◆ Data

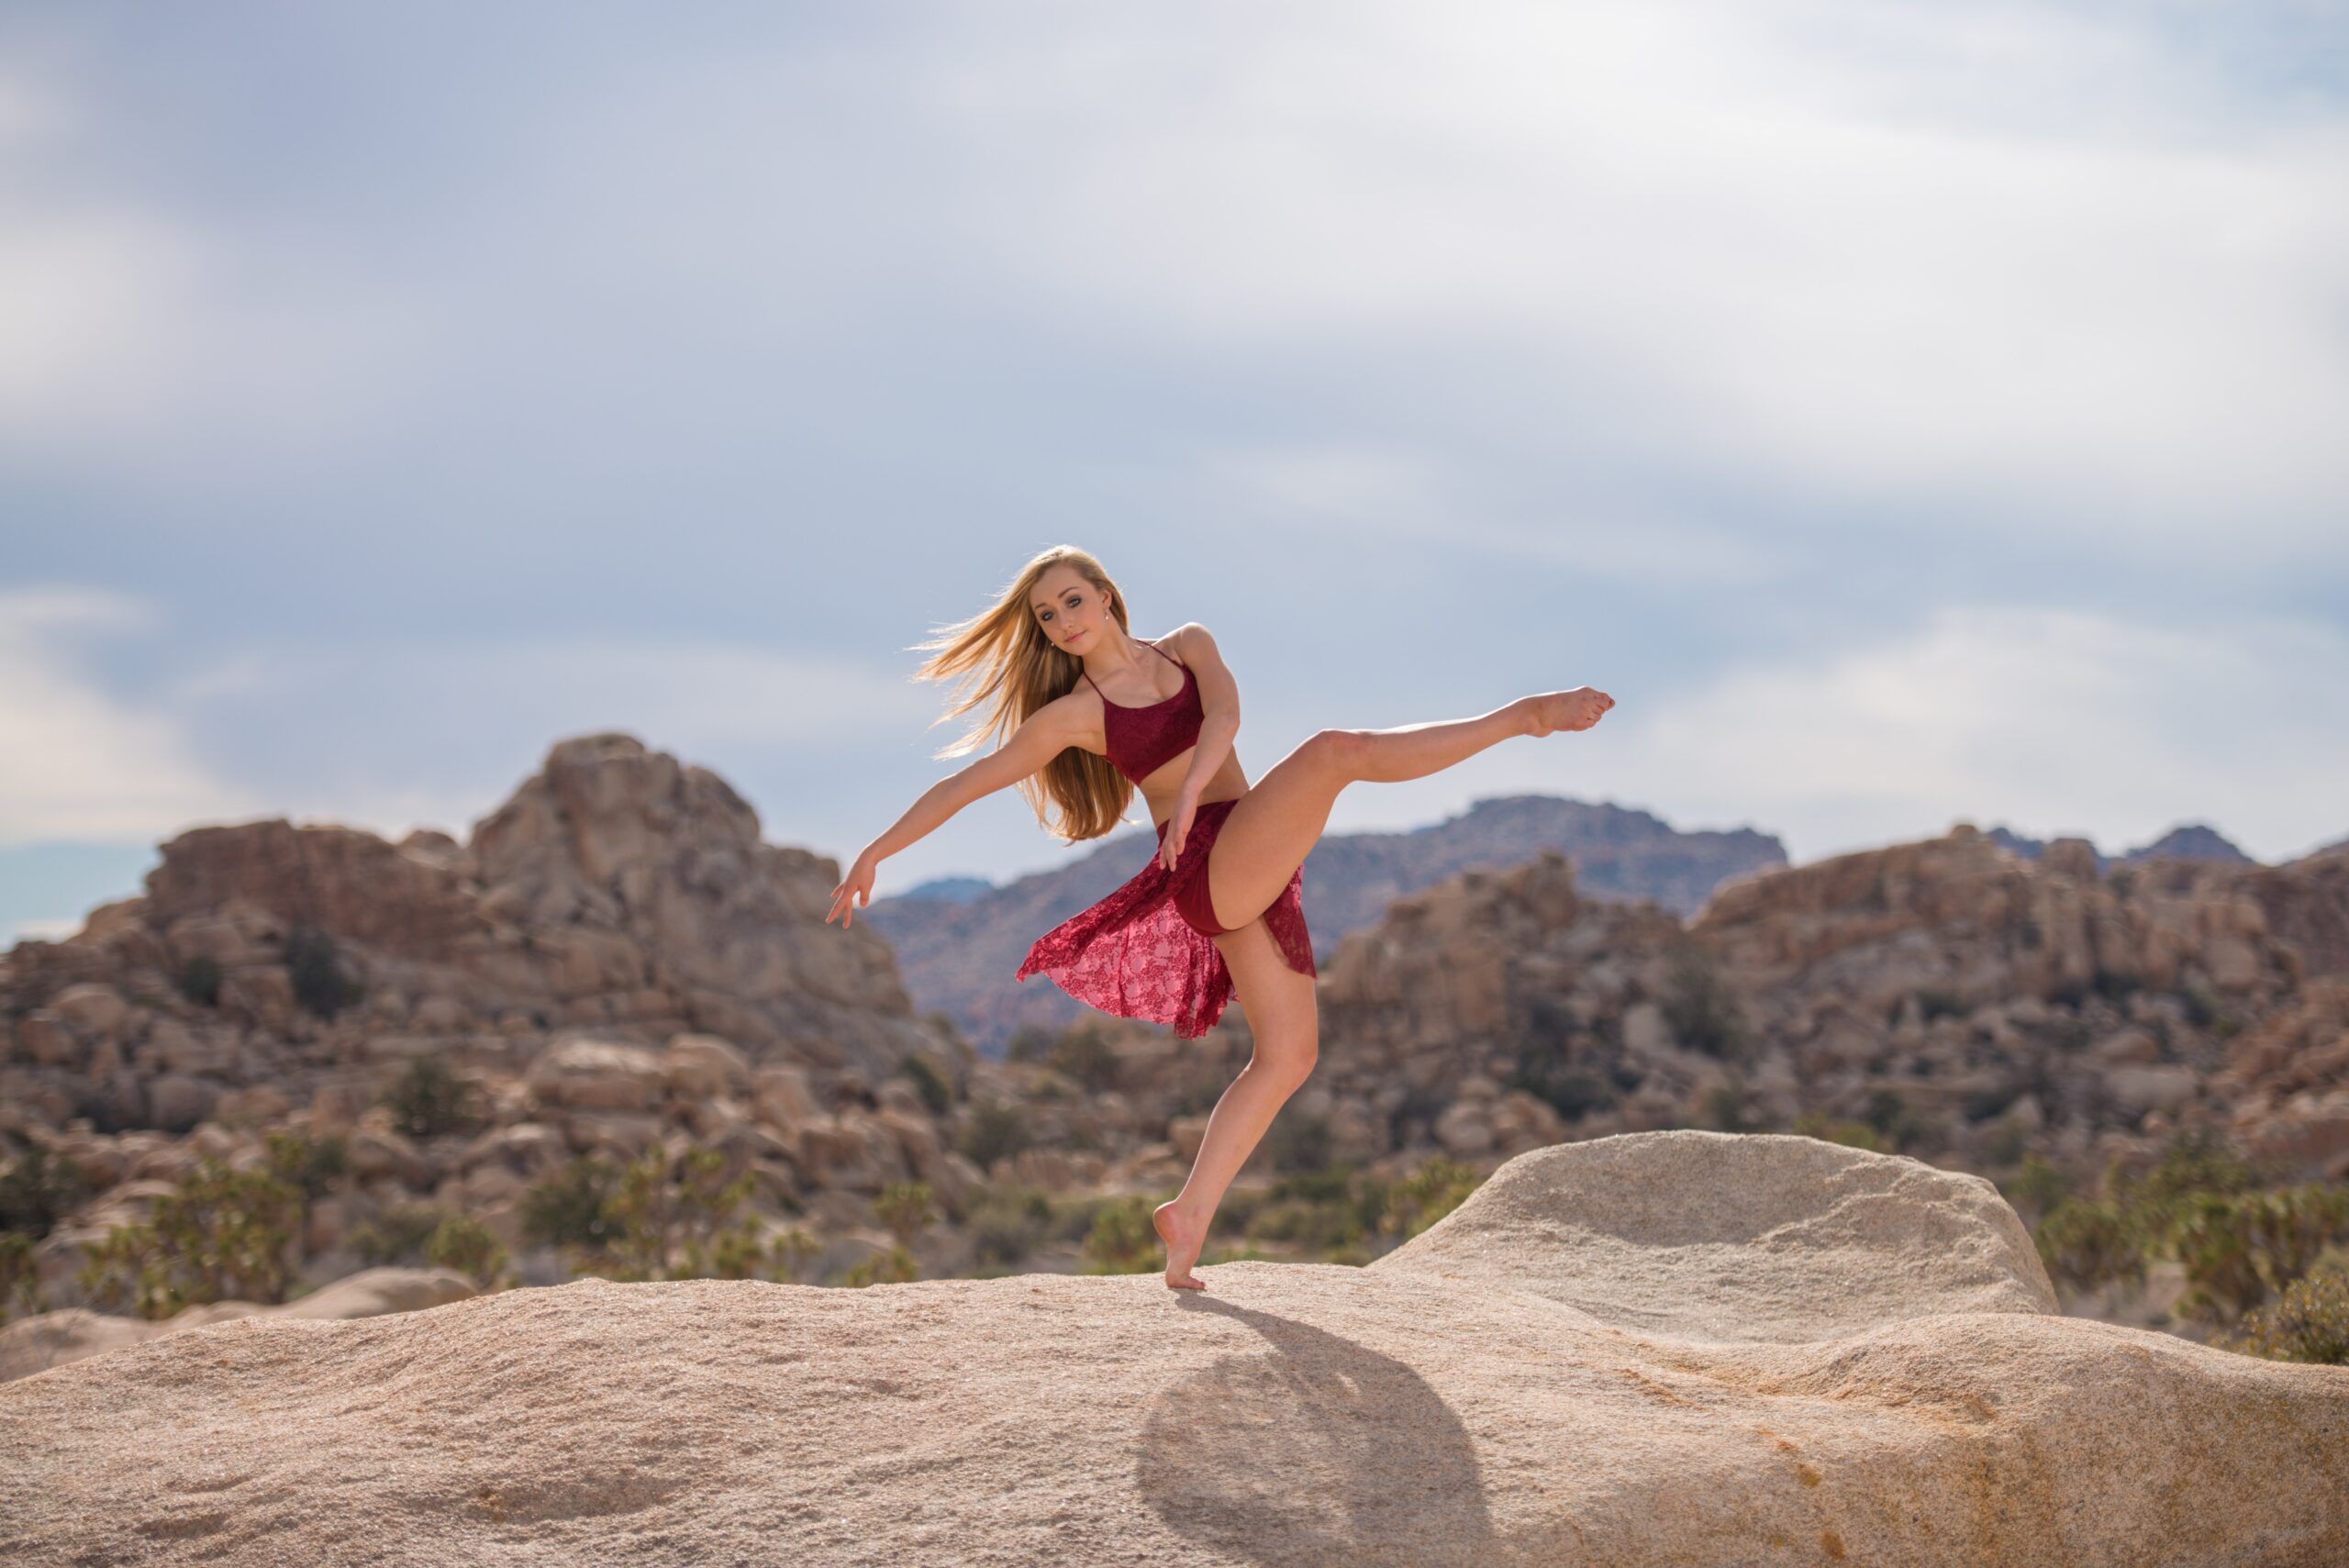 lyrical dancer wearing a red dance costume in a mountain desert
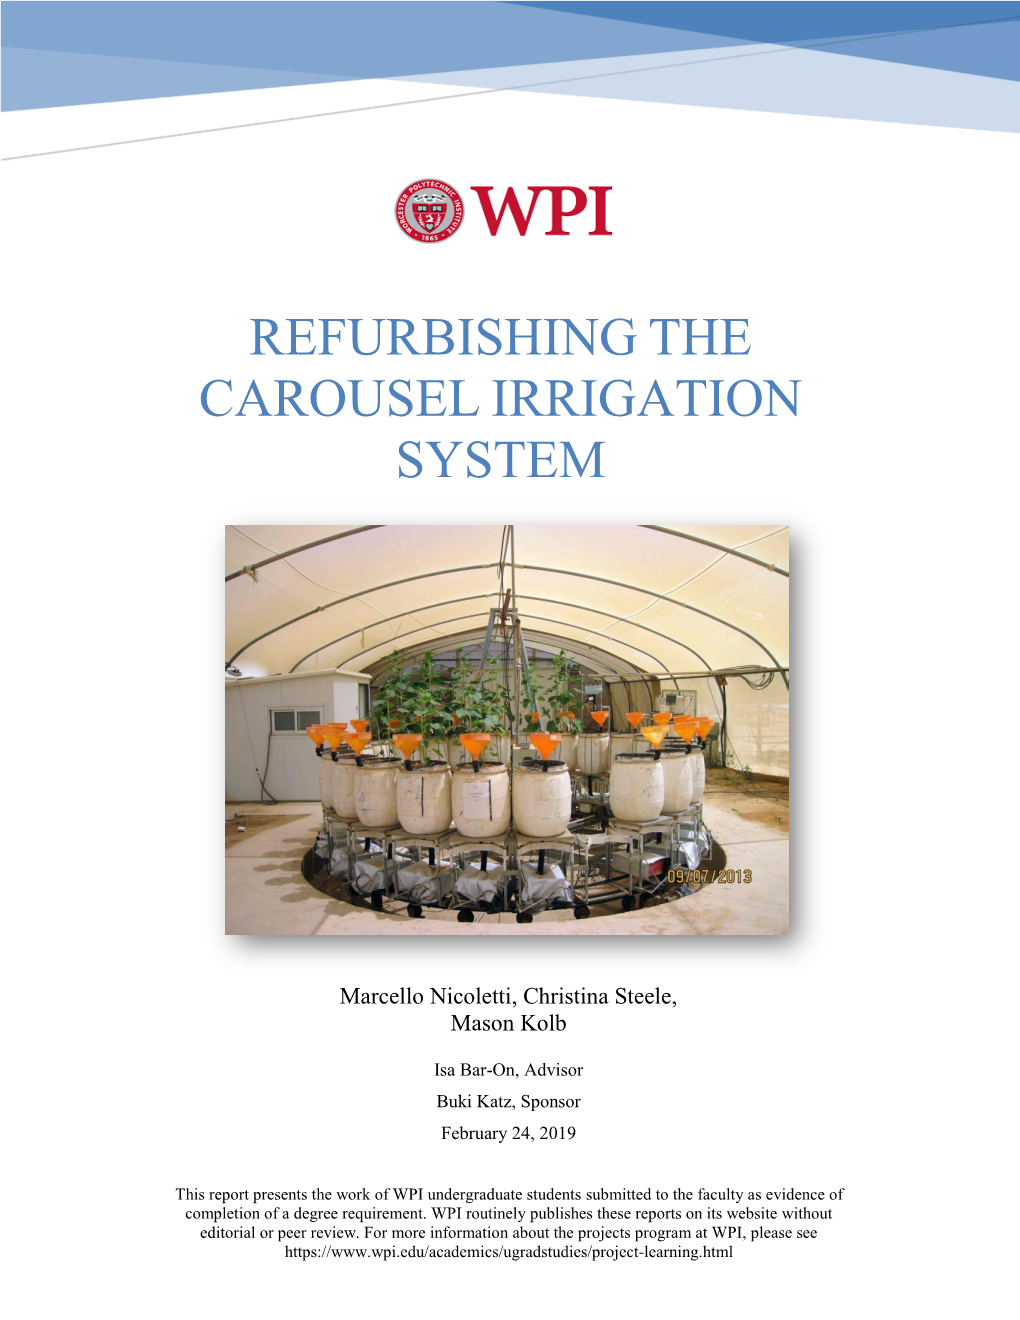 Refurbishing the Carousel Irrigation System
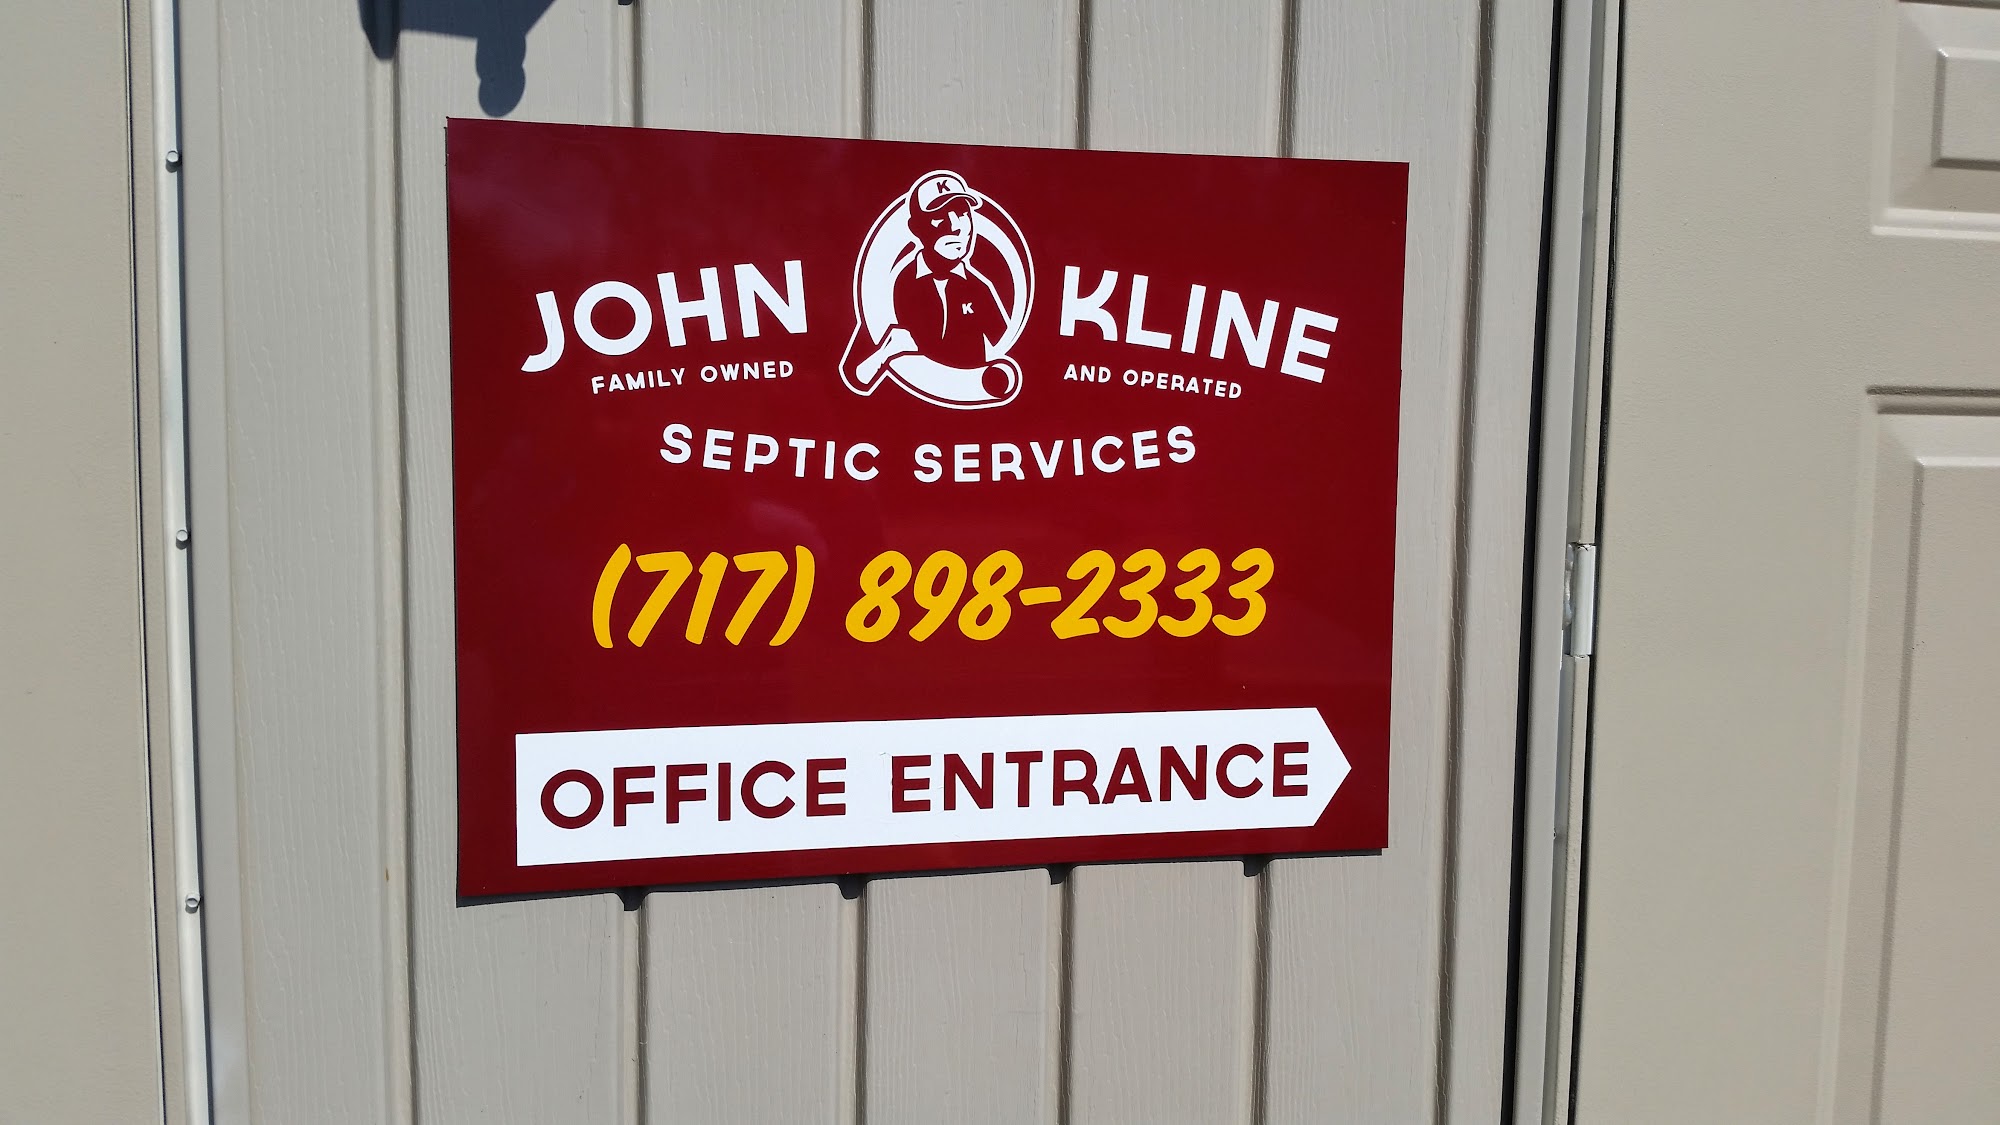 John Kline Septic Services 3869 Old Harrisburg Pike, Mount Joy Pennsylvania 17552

◆ Problem to solve
Please make an exact copy of the whole listing and leave out its pictures.

◆ Task output
 lyrical dancer wearing a red dance costume in a mountain desert
 Refurbishing the Carousel Irrigation System
 John Kline Septic Services 3869 Old Harrisburg Pike, Mount Joy Pennsylvania 17552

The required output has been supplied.